* Aim of the task
The lines below starting at the line containing "Device services linear" and ending at the line containing "these pizza pinwheels" are to be repeated exactly, with both ends kept and nothing else added.

* Data shown
^^^^
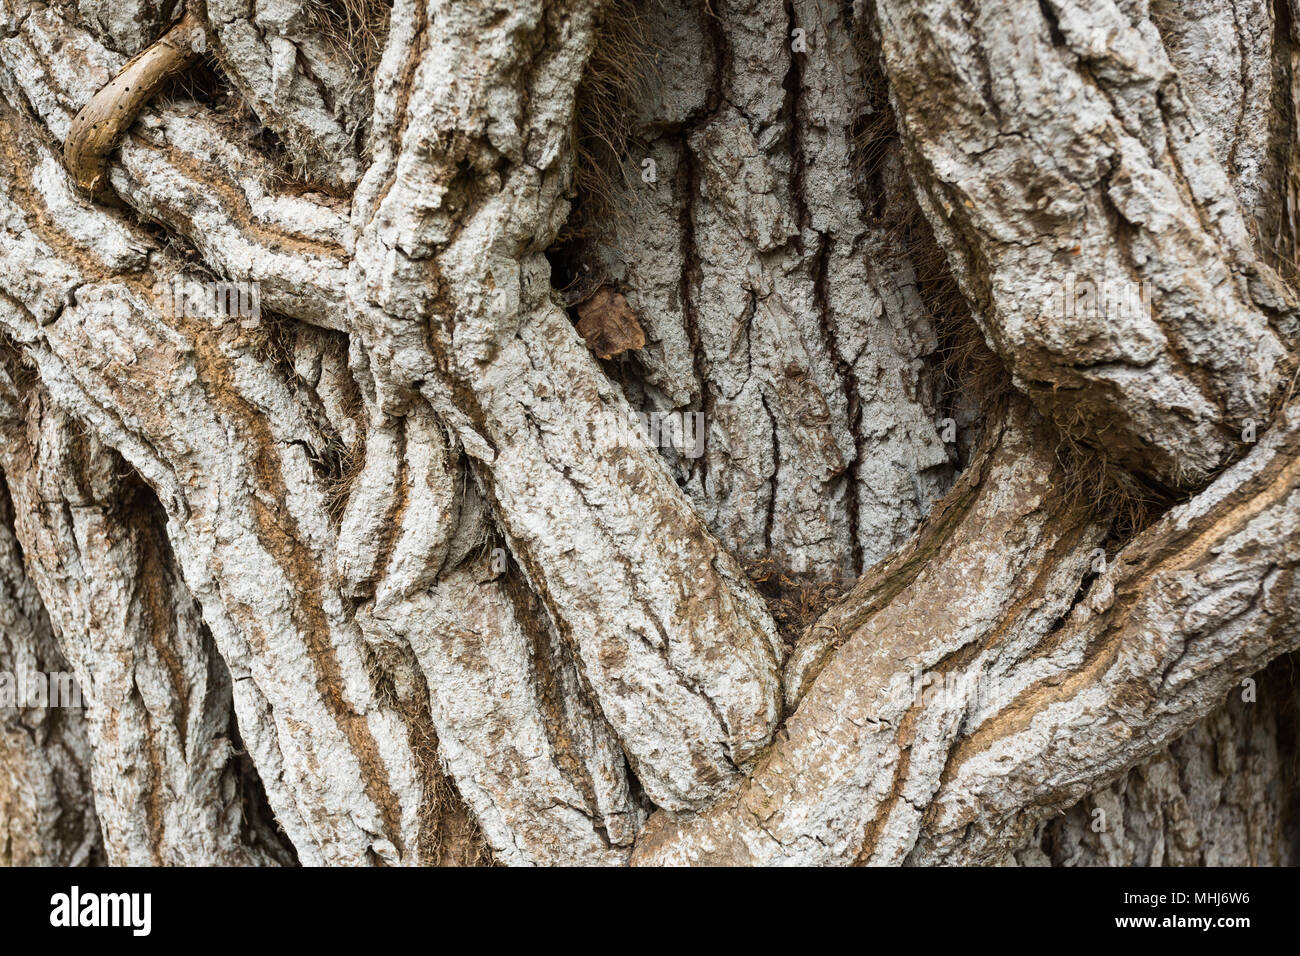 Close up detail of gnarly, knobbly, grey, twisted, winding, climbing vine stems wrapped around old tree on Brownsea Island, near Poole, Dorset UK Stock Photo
^^^^
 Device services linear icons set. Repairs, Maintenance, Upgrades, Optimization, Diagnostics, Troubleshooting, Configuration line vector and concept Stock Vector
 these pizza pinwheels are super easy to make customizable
^^^^
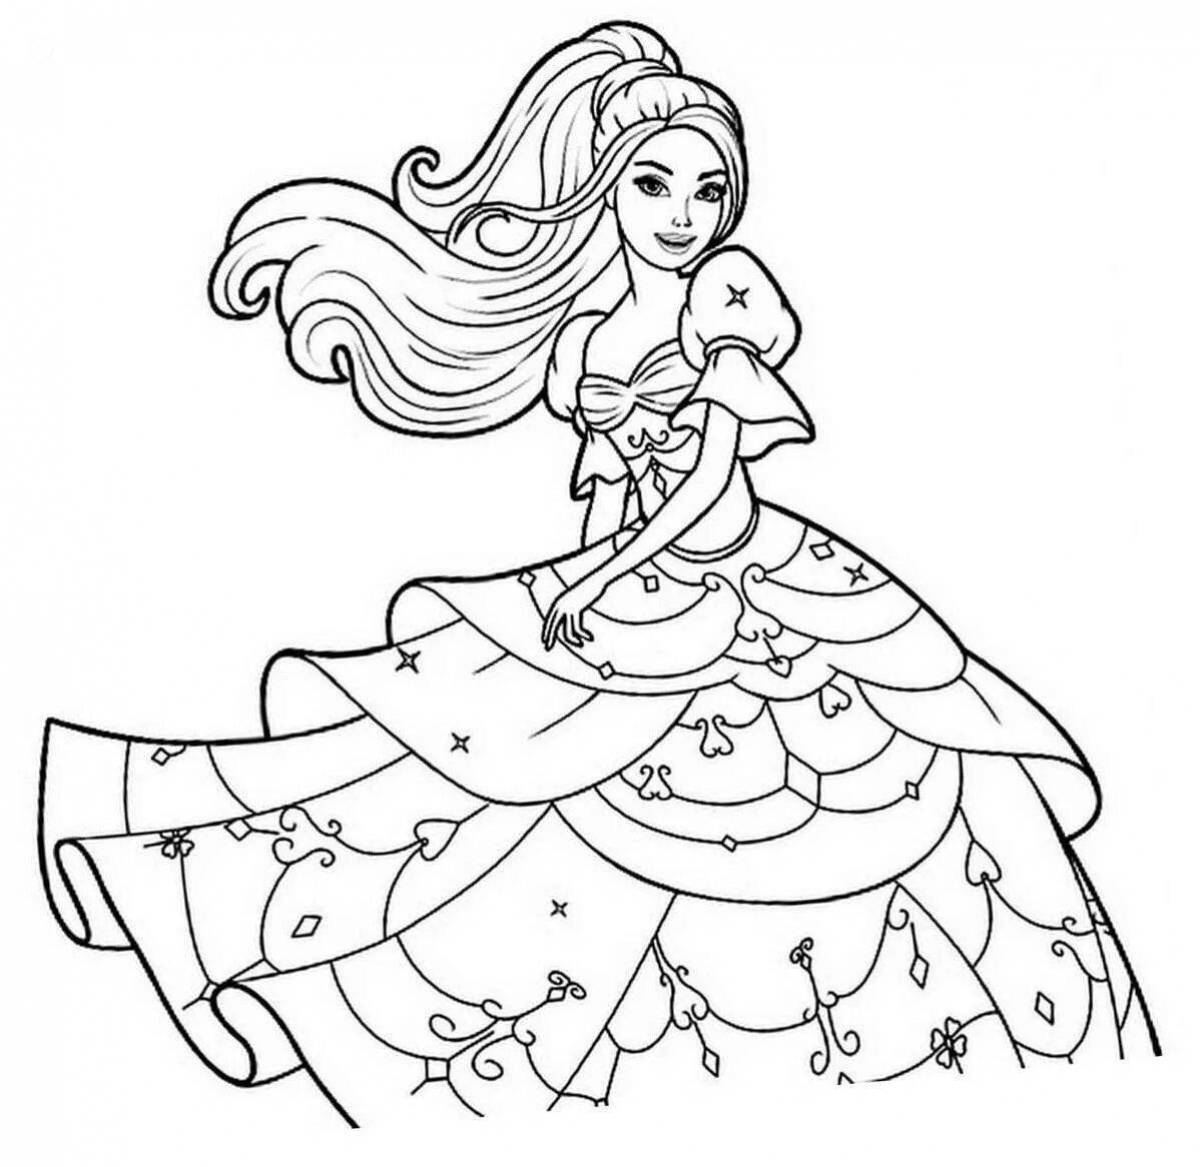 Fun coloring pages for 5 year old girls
^^^^
* Result of the task
 Device services linear icons set. Repairs, Maintenance, Upgrades, Optimization, Diagnostics, Troubleshooting, Configuration line vector and concept Stock Vector
 these pizza pinwheels are super easy to make customizable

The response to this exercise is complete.